Antimicrobial peptides (AMPs) represent a promising class of compounds to fight antibiotic-resistant infections. In most cases, they kill bacteria by making their membrane permeable and therefore exhibit low propensity to induce bacterial resistance. In addition, they are often selective, killing bacteria at concentrations lower than those at which they are toxic to the host. However, clinical applications of AMPs are hindered by a limited understanding of their interactions with bacteria and human cells.
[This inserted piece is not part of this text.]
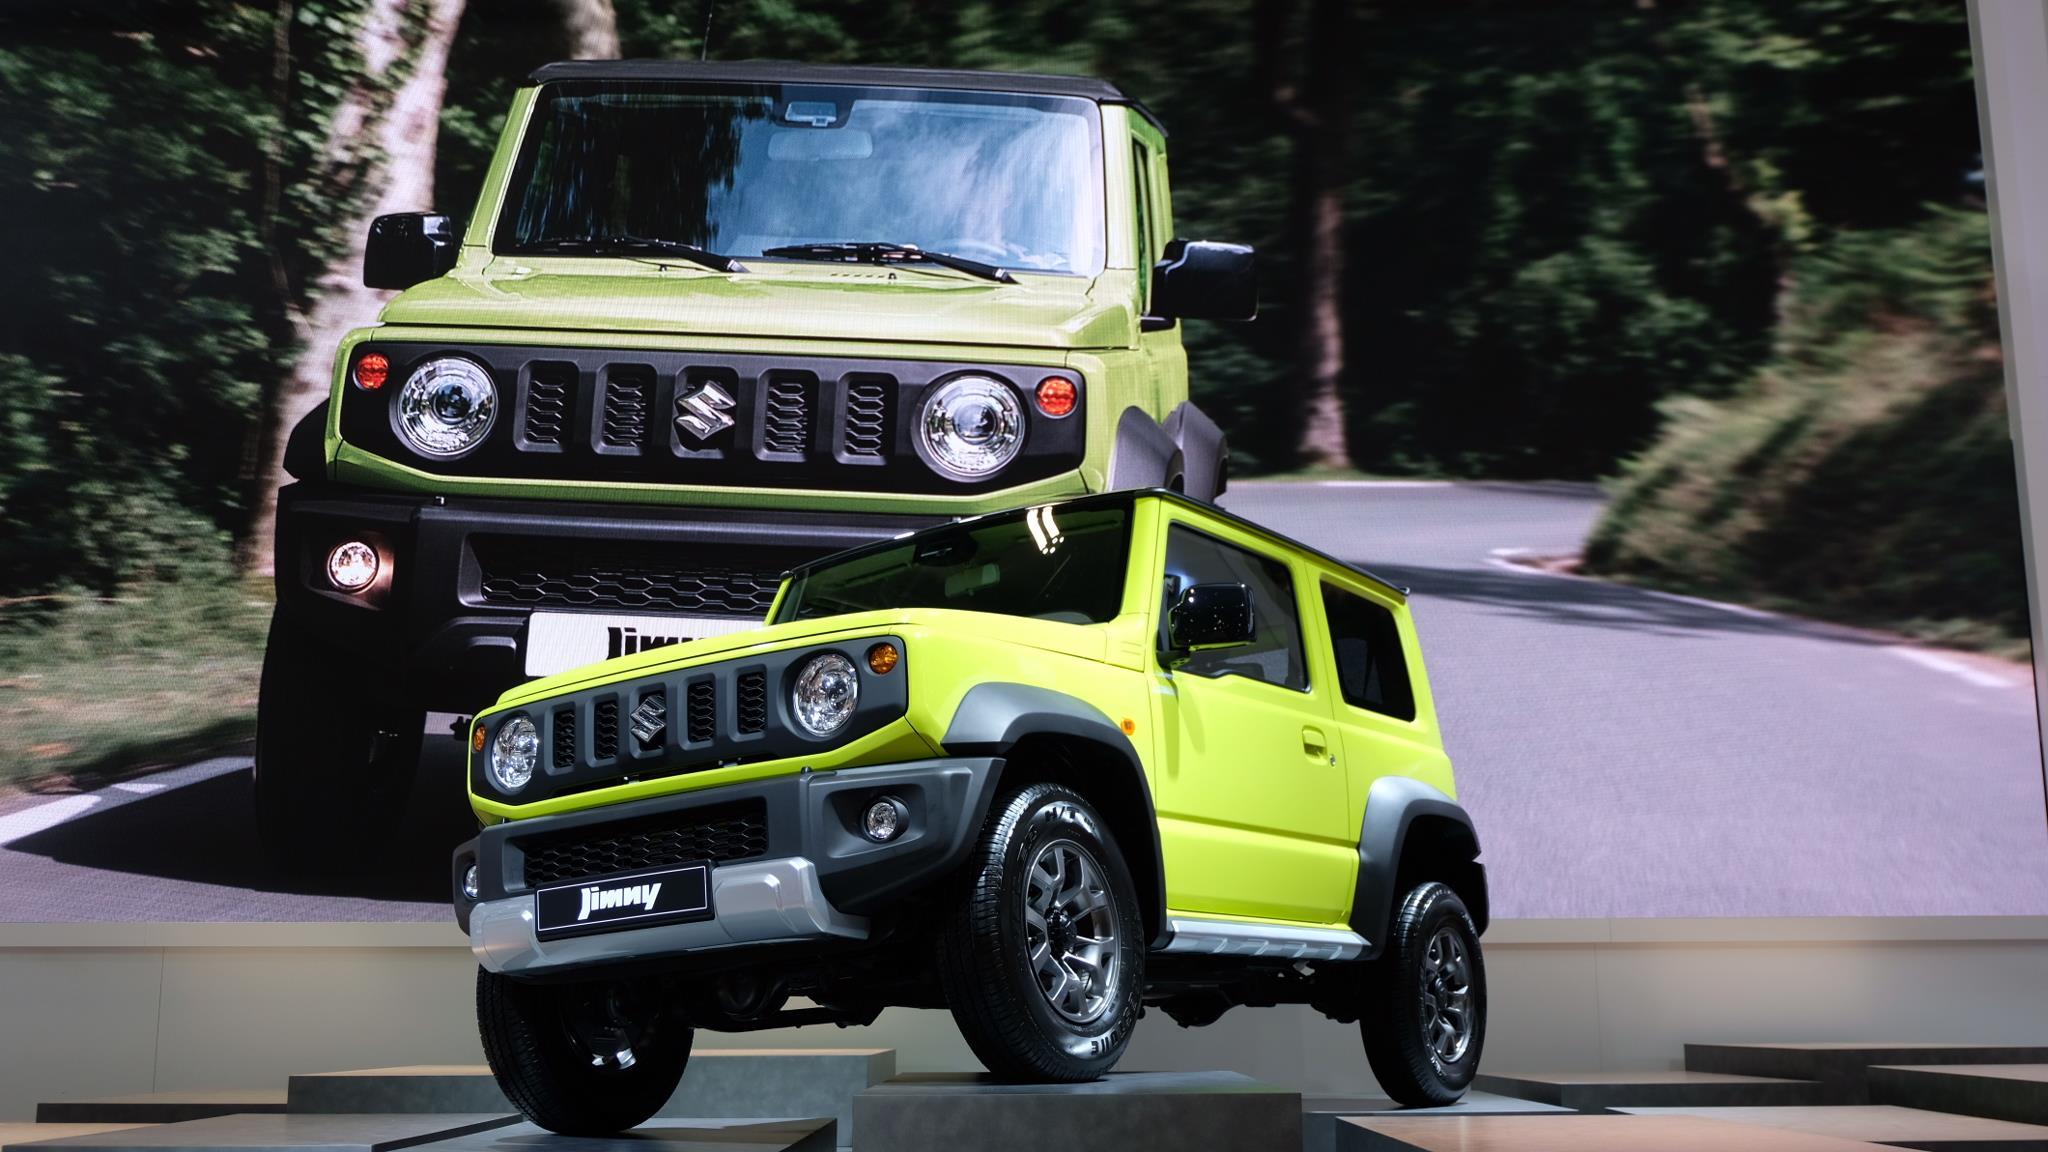 体验新铃木吉姆尼,最有趣的玩具车却无缘中国市场?

Standard susceptibility testing methods are based on the analysis of the growth of a bacterial population and therefore require several hours. Moreover, different assays are required to assess the toxicity to host cells. In this work, we propose the use of microfluidic impedance cytometry to explore the action of AMPs on both bacteria and host cells in a rapid manner and with single-cell resolution. Impedance measurements are particularly well-suited to detect the effects of AMPs on bacteria, due to the fact that the mechanism of action involves perturbation of the permeability of cell membranes. We show that the electrical signatures of Bacillus megaterium cells and human red blood cells (RBCs) reflect the action of a representative antimicrobial peptide, DNS-PMAP23. In particular, the impedance phase at high frequency (e.g., 11 or 20 MHz) is a reliable label-free metric for monitoring DNS-PMAP23 bactericidal activity and toxicity to RBCs. The impedance-based characterization is validated by comparison with standard antibacterial activity assays and absorbance-based hemolytic activity assays. Furthermore, we demonstrate the applicability of the technique to a mixed sample of B. megaterium cells and RBCs, which paves the way to study AMP selectivity for bacterial versus eukaryotic cells in the presence of both cell types.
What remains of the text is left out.